Development of the WDL’s website (www.wdl.org ) had one overarching goal: to make it easy for users to explore the spectacular collection of international treasures. Advanced features such as the home-page timeline and the full-screen image viewer needed to work on every mainstream web browser. Above all, performance needed to be fast, and the site had to be continuously available throughout and after a highly publicized launch.
Technical planning for launch started on Day One. To complement the Library’s ability to host and serve large-scale and high-demand websites, the team chose Akamai, a company specializing in supporting popular sites requiring 24/7 availability. Akamai stores multiple copies of web pages on 48,000 servers in 70 countries. This service ensures optimal performance for WDL users who access the site from every country in the world.

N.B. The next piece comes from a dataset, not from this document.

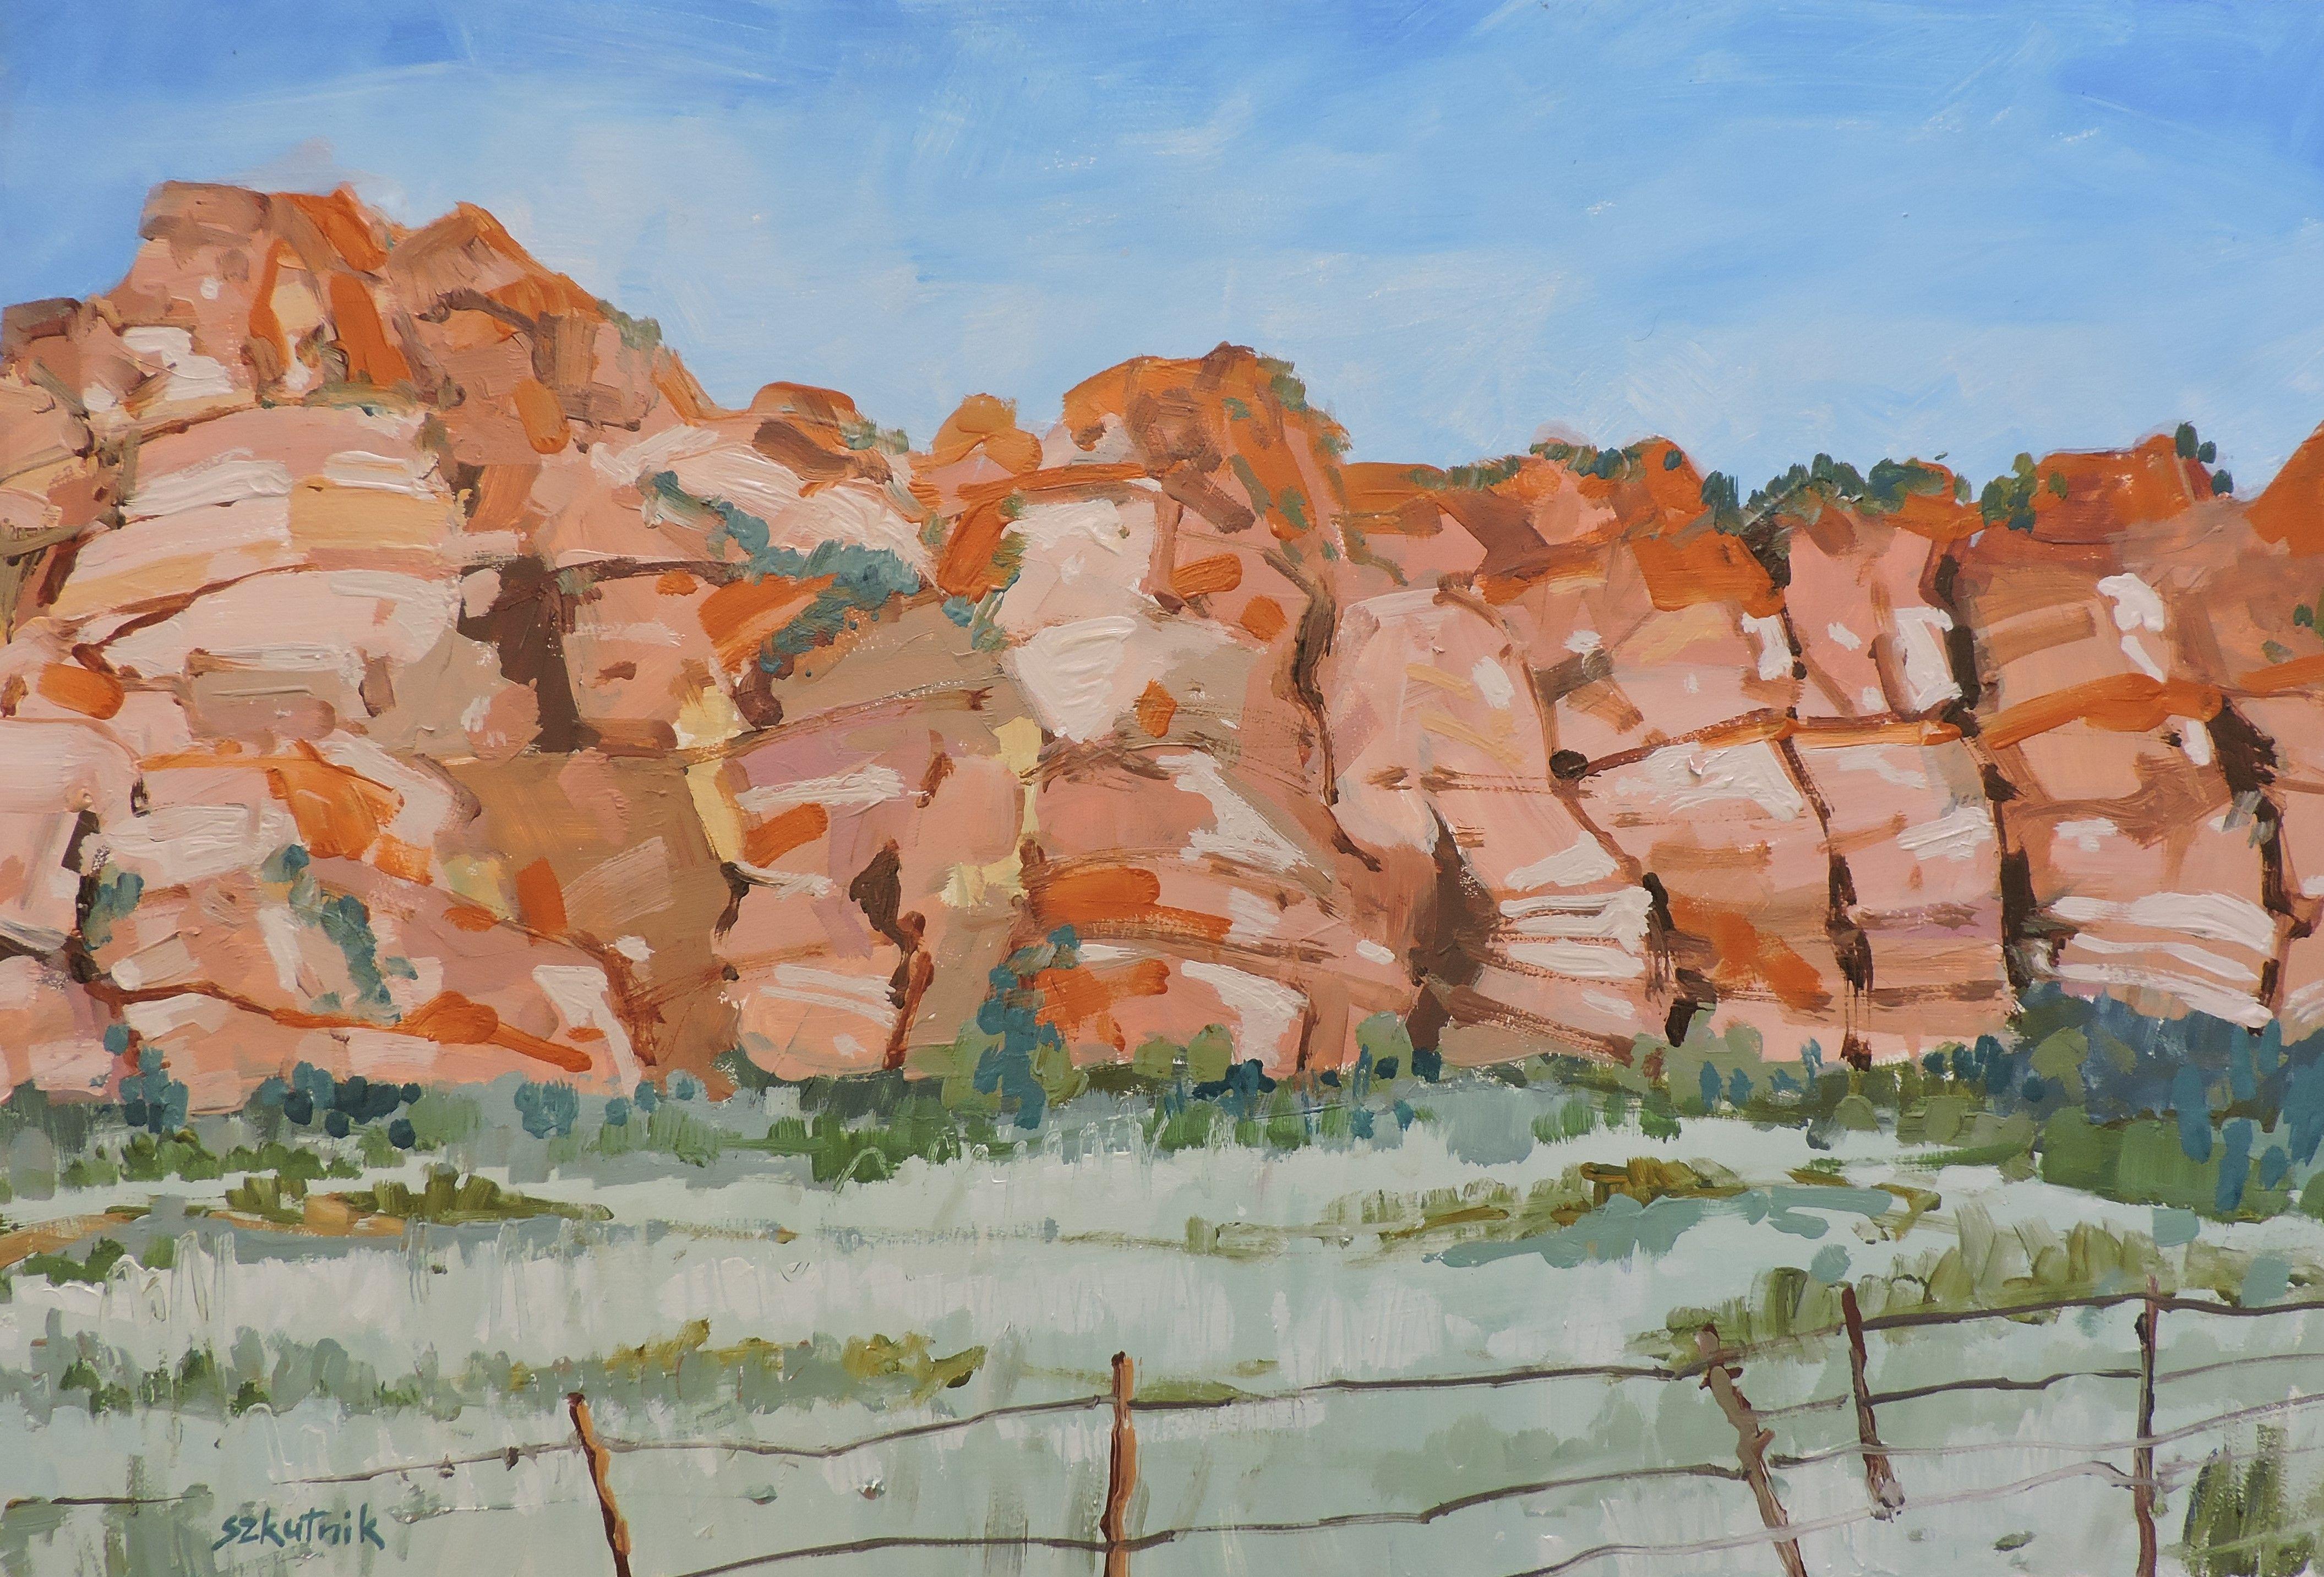 Richard Szkutnik Landscape Painting - Looking West, Painting, Oil on Other

In the end, the goal of the WDL is to provide access to content. By successfully delivering that content to every visitor who began coming through its “digital doors” on April 21, the development team accomplished its mission.
WDL 1.0 Technical Info
- Development Time: 13 Months
- Lines of Code: 50,000
- Test Cases Written: 600
- Development Platform: Linux
- Deployment Platform: Solaris
- Key Technologies: Django Solr/Lucene Python Squid NginX MySQL SeaDragon
- Launch Day Statistics: Page Views 7.1 Million, Visitors 600,000, Peak Hits/Hour 32 Million
Babak Hamidzadeh is director of the Repository Development Center in the Library’s Office of Strategic Initiatives.